Freese Decker cited data indicating that Michigan may face a shortage of up to 30,000 nurses by 2030. Among students who graduate from GVSU with a degree in a health profession, more than 90 percent stay in Michigan.

The BHSH funding enables GVSU to scale up the Kirkhof College’s capacity amid the nursing shortage and a tight talent market that’s affecting many industries, GVSU President Philomena Mantella said during a recent media briefing.

“This moment is a moment of urgency in nursing and many other fields. And this moment requires us to think differently, to think about new ways in which each of us lean into the current moment and be sure that we are fulfilling our mission,” Mantella said. “It is the kind of thing that we’re going to need to be doing if we’re going to address the talent gaps urgently today, whether it’s in nursing or tech or artificial intelligence, whatever the areas are.”

The program would drive a significant increase in the Kirkhof College of Nursing’s capacity. The college presently admits 160 students annually in its traditional nursing program, plus 72 people per year in an accelerated program for students earning a secondary degree.

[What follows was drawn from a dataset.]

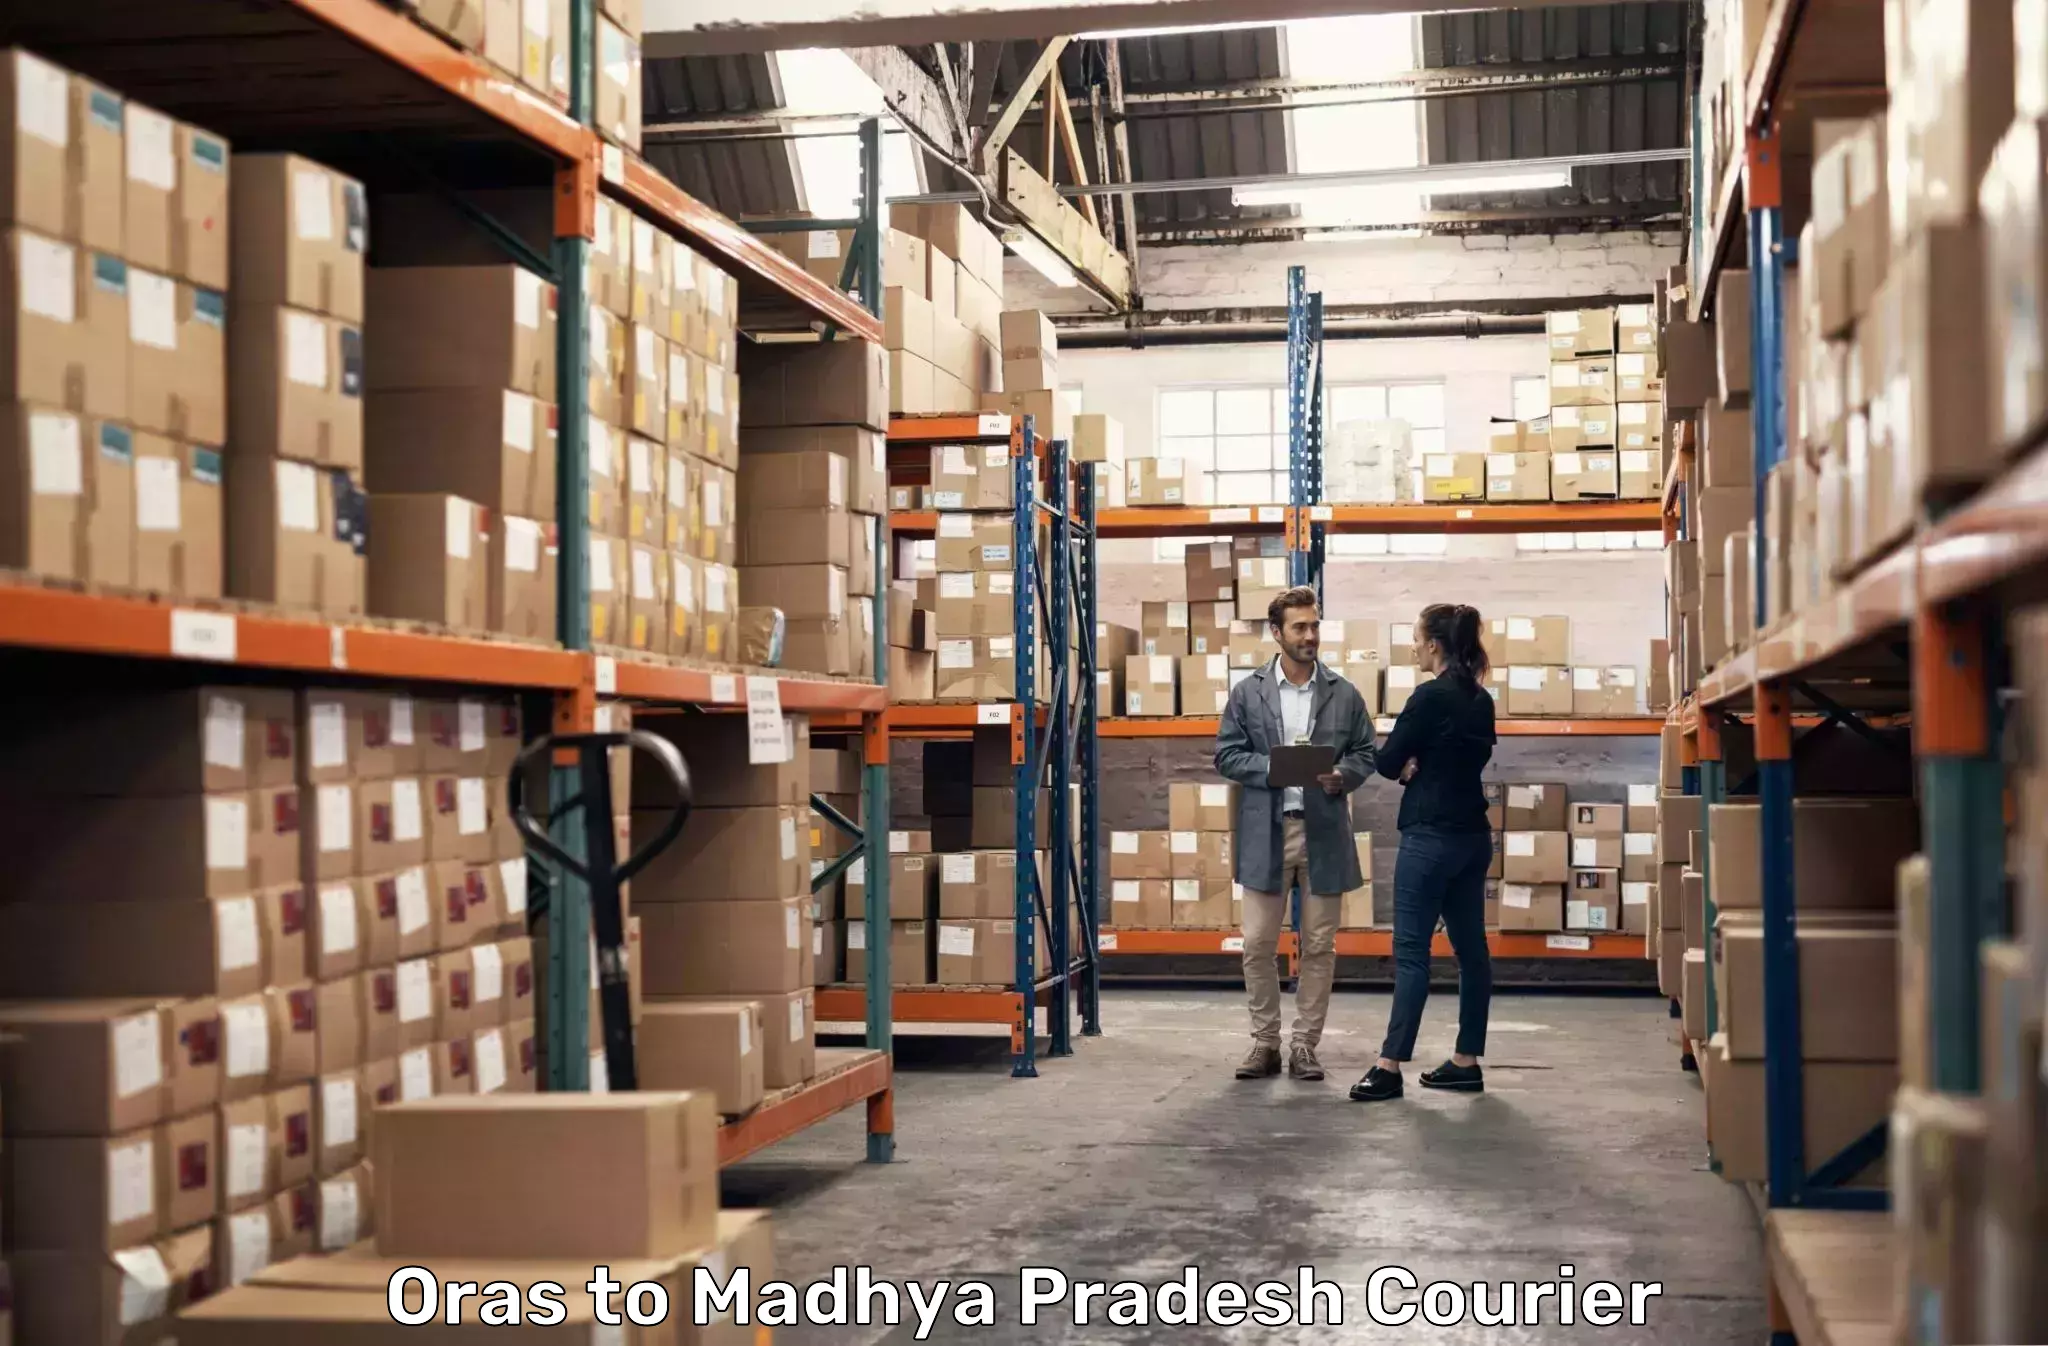 High-priority parcel service Oras to West Nimar

Through the scholarship program with BHSH that begins in January 2023, the Kirkhof College of Nursing will admit up to another 104 nursing students annually, Coke said. The scholarship will offset a large part of the $15,000 annual cost of tuition for nursing students in their junior and senior years, Coke added.

Capacity would increase if the Kirkhof College adds more partnerships, she said.

About half of the $19 million will go to direct student aid with a work commitment of one year per $10,000 scholarship. The rest will go to faculty costs, infrastructure and other student support.

The BHSH money will cover one-time infrastructure costs to expand capacity at the Kirkhof College, Coke said. Tuition will support ongoing costs such as additional faculty.

“The goal is to build sustainability with that higher capacity over time in a phased approach,” she said. “The revenue from tuition will sustain us over time.”

Students who receive a grant each year in their junior and senior years at the Kirkhof College are expected to go to work at BHSH after graduating, although details of the requirement are pending, said BHSH Chief Nurse Executive Shawn Ulreich.

If a student decides Spectrum Health isn’t the right fit for them and they go to work elsewhere, the grant would turn into a zero-interest loan.